BEIRUT: Civilians on Friday packed a road leading out of a flash point town in north-west Syria, where two weeks of heightened regime and Russian bombardment has displaced 235,000 people.
Pick-up trucks carrying mattresses, clothes and house-hold appliances ferried entire families out of southern Idlib province, most heading towards safer areas further north, said an AFP correspondent on the ground.
Since mid-December, regime forces and their Russian allies have heightened bombardment on the southern edge of the final major opposition-held pocket of Syria, eight years into the country’s devastating war.
The latest violence in the jihadist-dominated Idlib region has killed scores of civilians, despite an August ceasefire deal and international calls for a de-escalation.
More than 235,000 people fled the area between December 12 and 25, mostly from the beleaguered city of Maaret al-Numan which has been left “almost empty”, according to the United Nations’ humanitarian coordination agency Ocha.
Ocha spokesman David Swanson said Friday that more than 80 percent of those who have fled southern Idlib this month are women and children.

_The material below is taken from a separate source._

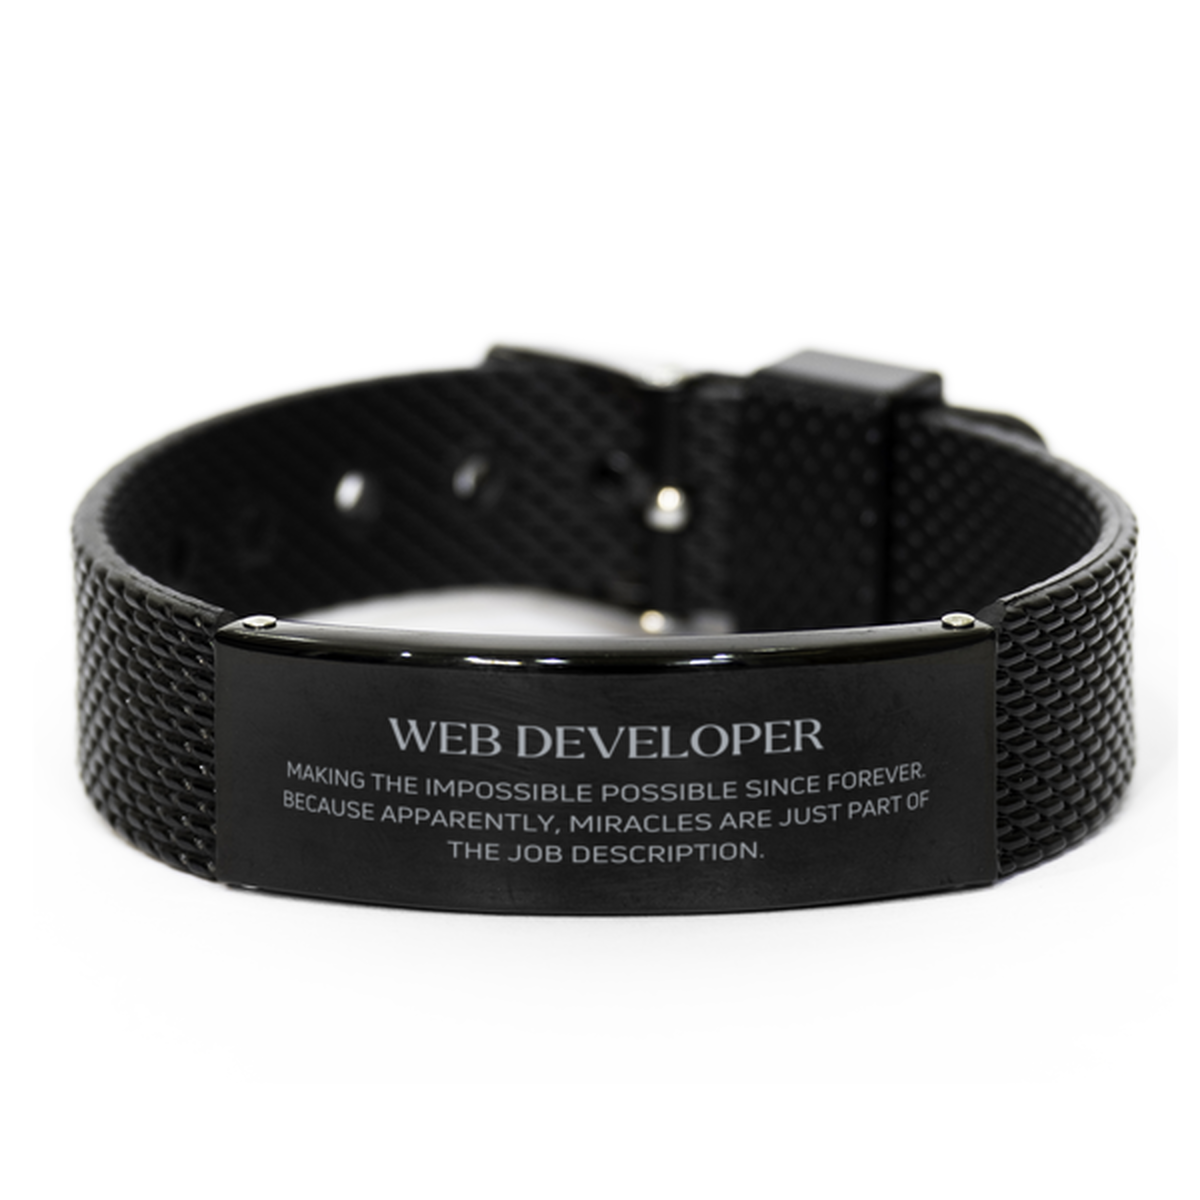 Funny Web Developer Gifts, Miracles are just part of the job description, Inspirational Birthday Black Shark Mesh Bracelet For Web Developer, Men, Women, Coworkers, Friends, Boss

The Idlib region hosts some three million people, including many displaced by years of violence in other parts of Syria.
It is dominated by the country’s former Al-Qaeda affiliate, Hayat Tahrir al-Sham, whose chief this week urged jihadists and allied rebels to head to the front lines and battle “the Russian occupiers” and the regime.
Since December 19, HTS jihadists and their rebel allies have been locked in fierce battles with regime forces around Maaret al-Numan.
Damascus loyalists have seized dozens of towns and villages from jihadists in clashes that have killed hundreds of fighters on both sides.
The advances have brought them to within four kilometres of Maaret al-Numan, one of Idlib’s largest urban centres.
According to Ocha, ongoing battles have further amplified displacement from the area and the nearby town of Saraqeb.
“People from Saraqab and its eastern countryside are now fleeing in anticipation of fighting directly affecting their communities next,” it said.
The mass displacement could not come at a worse time, with heavy rainfall flooding squalid camps for the displaced.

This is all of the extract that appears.